DLinq provides a run-time framework for managing relational data as objects. It does this by translating LINQ queries into SQL for execution by the database and then translates the tabular results back into objects you define. Your application can then manipulate these objects however you want to.  While you do this DLinq will track any changes you make to them, so that you can optionally submit changes back to the database (for update, insert, and delete operations).

DLINQ allows you to define the object model and class structure that best represents your application data.  For example, if you have a Customers database table with columns “CustomerId”, “City”, and “CustomerName”, you could optionally create a “Customer” class that represented it like so:

Listing 1

public class Customer
    public string CustomerId;
    public string City;
    public string CustomerName;

Note that you can use whatever naming pattern you want in your classes -- you aren't required to have the same names as in the database. 

DLINQ allows you to map classes to a database schema in two ways.  The first option is by adding attributes to the classes that indicate where and how they should be stored in the database (this is called “Attribute Based Mapping”).  Alternatively you can specify the mapping using an external XML file.  The external XML file enables the underlying database schema to be kept separate from the code, and even allows runtime schema mapping changes on the fly (meaning you do not need to recompile an assembly using DLINQ to modify the database storage schema being used).  Developers can choose whichever mapping approach works best for them and their projects. 

In addition to supporting single table mappings, it is also possible to easily define relationships between tables using DLINQ.  In a relational database this is typically modeled using foreign-keys referring to primary keys in other tables.  DLINQ allows developers to define “Association Relationships” between classes to express relationships.  This allows a developer, for example, to write “Customer.Orders” to reference the collection of orders for the customer instance.

Important: It is not necessary to manually define your table mappings or relationships.  The May CTP drop of DLINQ ships with both a command-line utility and a Visual Studio data designer to make defining these relationships and mappings simple (it will take us less than 30 seconds to define a complete DLINQ mapping for the Northwind database in our sample below).
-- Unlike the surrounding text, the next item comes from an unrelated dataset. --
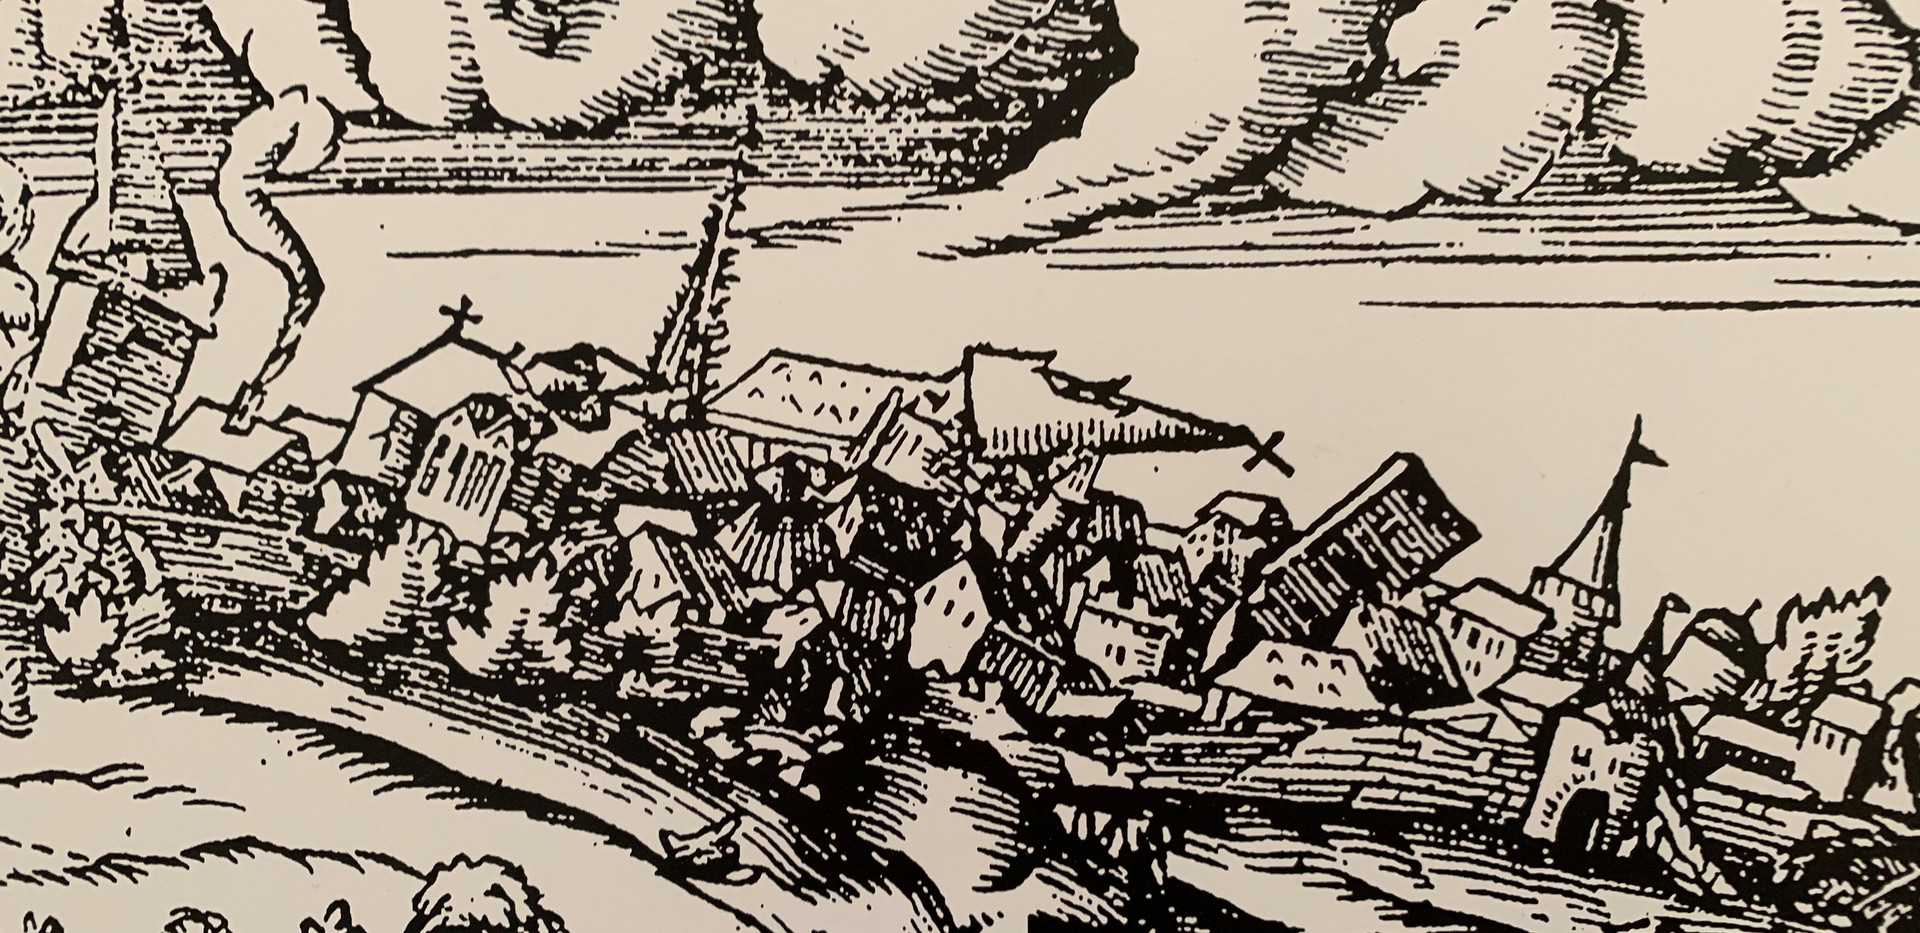 Basler Erdbeben 1356
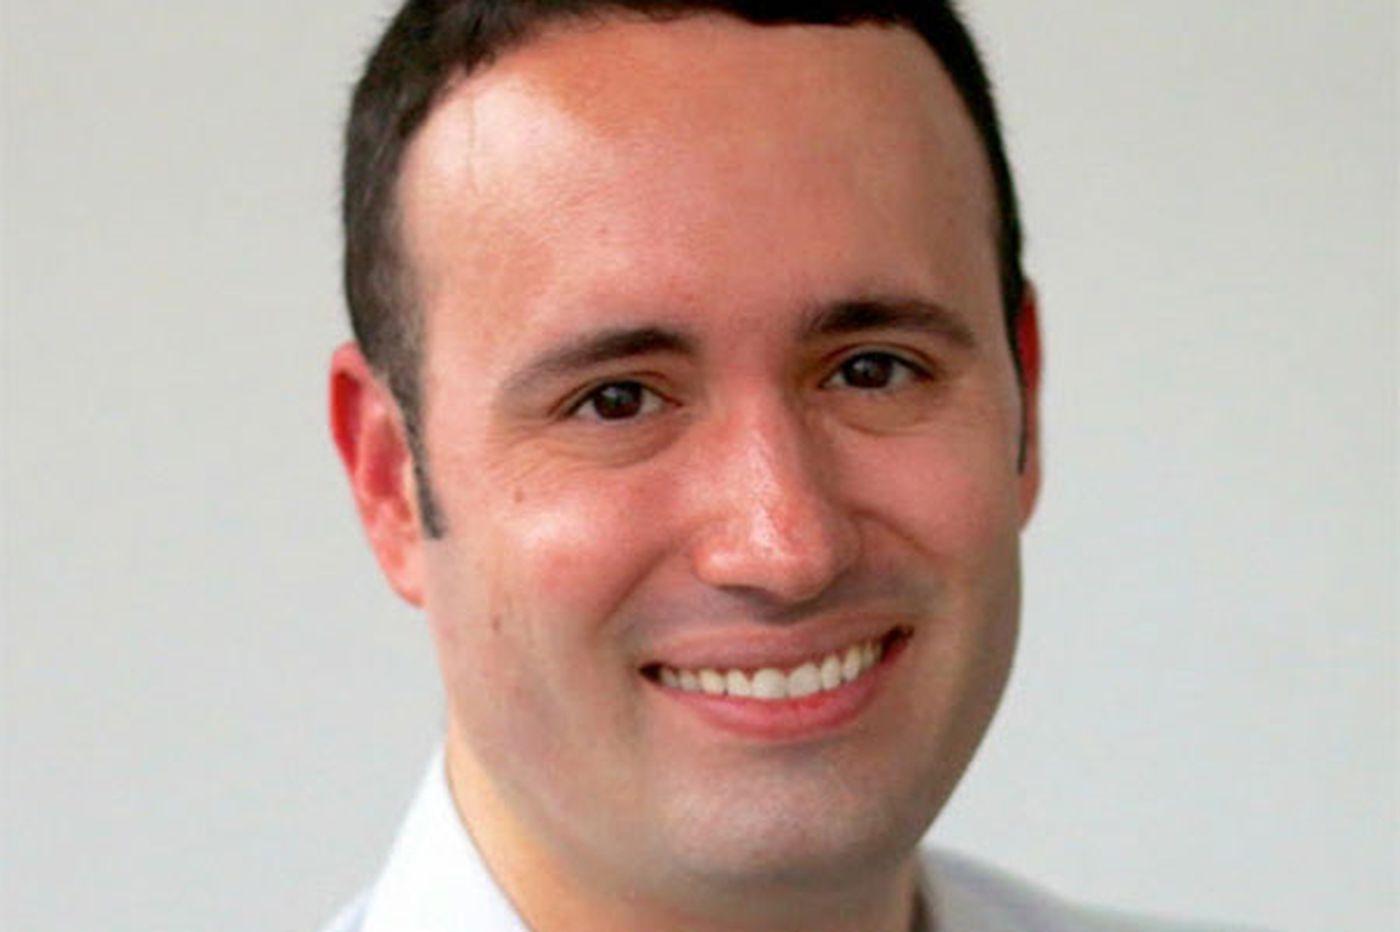 Daniel Ryan Reimold, 34, journalism teacher at St. Joseph's University

Once data mappings and relationships are defined, developers can then easily write LINQ code to perform queries and updates against a database.  For example, the below code uses the SQL Northwind database to retrieve all customers from London, and then prints out the Customer Name, as well as a hierarchical sub-listing of each of the customer’s orders to a page:

Listing 2

Northwind db = new Northwind(connectionString);
// Query for all customers in london
IEnumerable<Customer> customers = from cust in db.Customers
                        where cust.City == "London"
                        select cust;
// Fetch each customer and output its name and order history
foreach (Customer cust in customers) {
    Response.Write ("Customer = " + cust.CustomerName);
    foreach (Order order in cust.Orders) {
        Response.Write("---- OrderID: " + order.OrderId);

Note how the Customer and Order classes are strongly-typed, and how the Customer class has an “Orders” association relationship that uses the ForeignKey/PrimaryKey relationship between the Customers and Orders tables in the database.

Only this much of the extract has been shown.